Gregory is executive director of A Wider Bridge, a
North American L.G.B.T.Q. organization that works to support Israel and its gay
community. In 2016, his group hosted a reception at the Task Force’s conference
in Chicago. The event was mobbed by some 200 aggressive demonstrators,
and Gregory and his audience had to barricade themselves in their room while
those outside were harassed.
“Whether
you believe in the concept of intersectionality is beside the point,” Gregory
told me recently, referring to the idea that the oppression of one
group is the oppression of all others. “If this is your value system, you are
not following it. As Jews we were denied our safe space. We were denied our
place in a movement that fights bigotry.”
Scenes
of the kind that played out at the L.G.B.T.Q. conferences — not to mention
college campuses across the United States — are familiar to anyone involved in
the politics of the American Jewish community. They have burst into wider
consciousness in recent months, thanks to revelations that Jewish organizers of
the 2017 Women’s March were deliberately sidelined,
excluded and attacked by some of its founders, at least one of
whom, activist Tamika Mallory, is an unapologetic admirer of
Louis Farrakhan, the Nation of Islam’s unapologetically anti-Semitic leader.

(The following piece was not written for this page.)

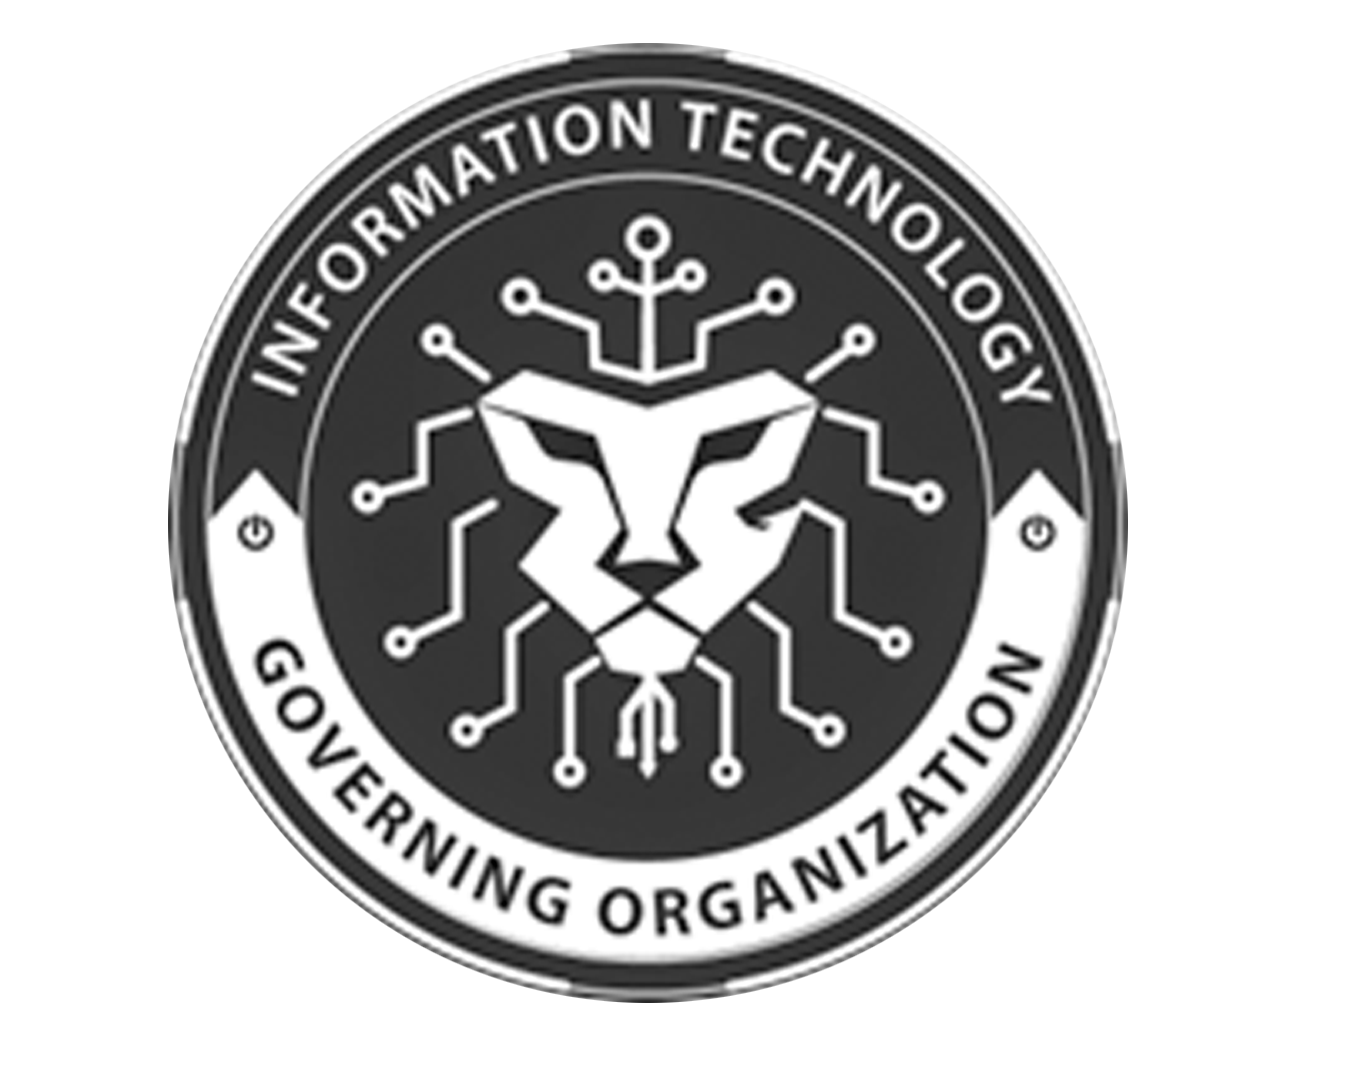 INFORMATION TECHNOLOGY GOVERNING ORGANIZATION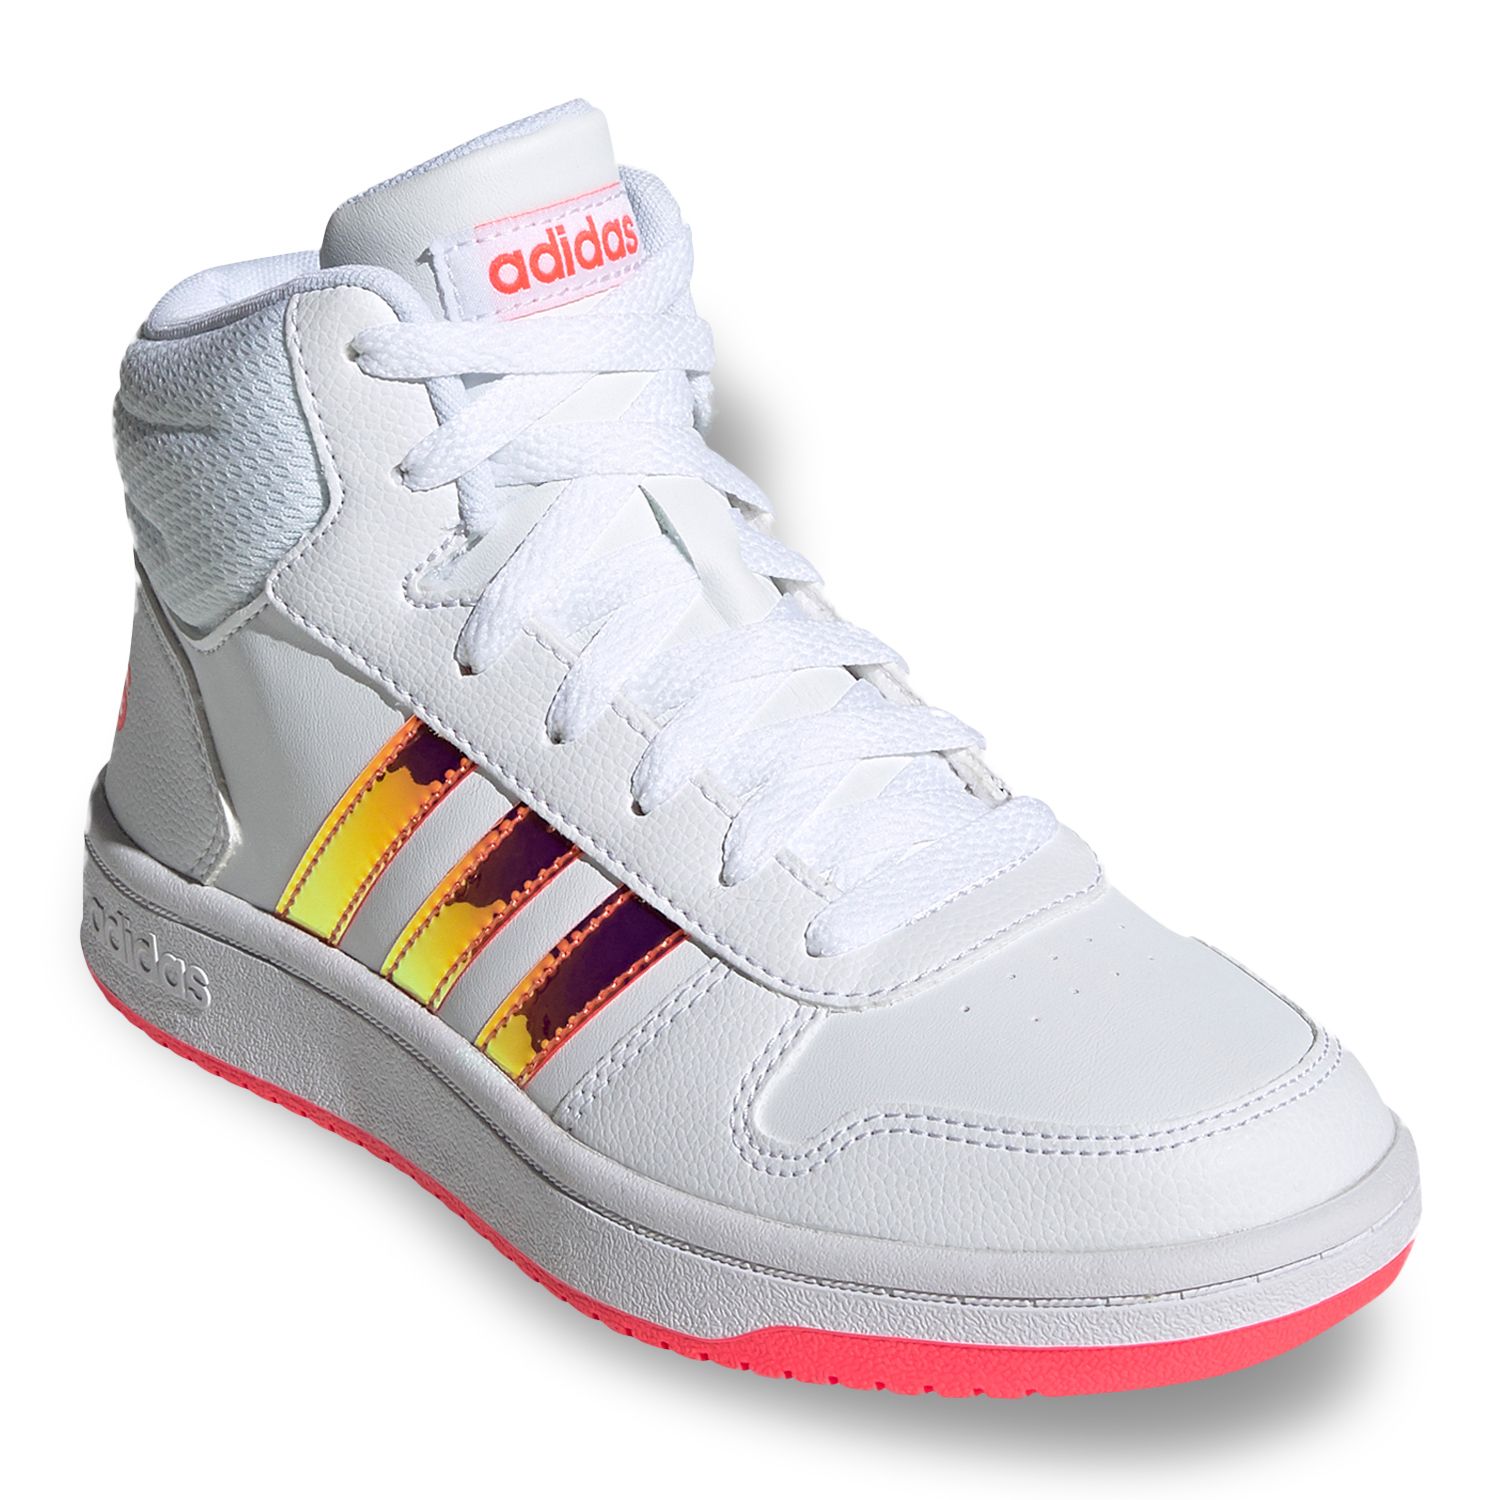 adidas hoops basketball shoes

They have also burst into Congress,
largely as a result of the election of Democratic Representatives Rashida Tlaib
of Michigan and Ilhan Omar of Minnesota. Both women support boycotts of Israel.
Both have also written tweets with
distinctly anti-Semitic undertones.
Far from being reproached or condemned by their party, as Iowa’s Steve King was
by Republicans, they have become Democratic rock stars. (Omar, to her credit,
recanted her tweet; Tlaib did not.)
Progressives — including presidential
hopefuls Cory Booker, Kamala Harris and Elizabeth Warren — also united behind
Vermont’s Bernie Sanders in a failed bid to block a Senate bill, passed on
Tuesday, that includes an anti-B.D.S. measure prohibiting federal contracts
with businesses that boycott Israel, ostensibly on free-speech grounds. One
wonders how these same Democrats feel about, say, championing First Amendment
protections for bakers who refuse to make cakes for gay couples.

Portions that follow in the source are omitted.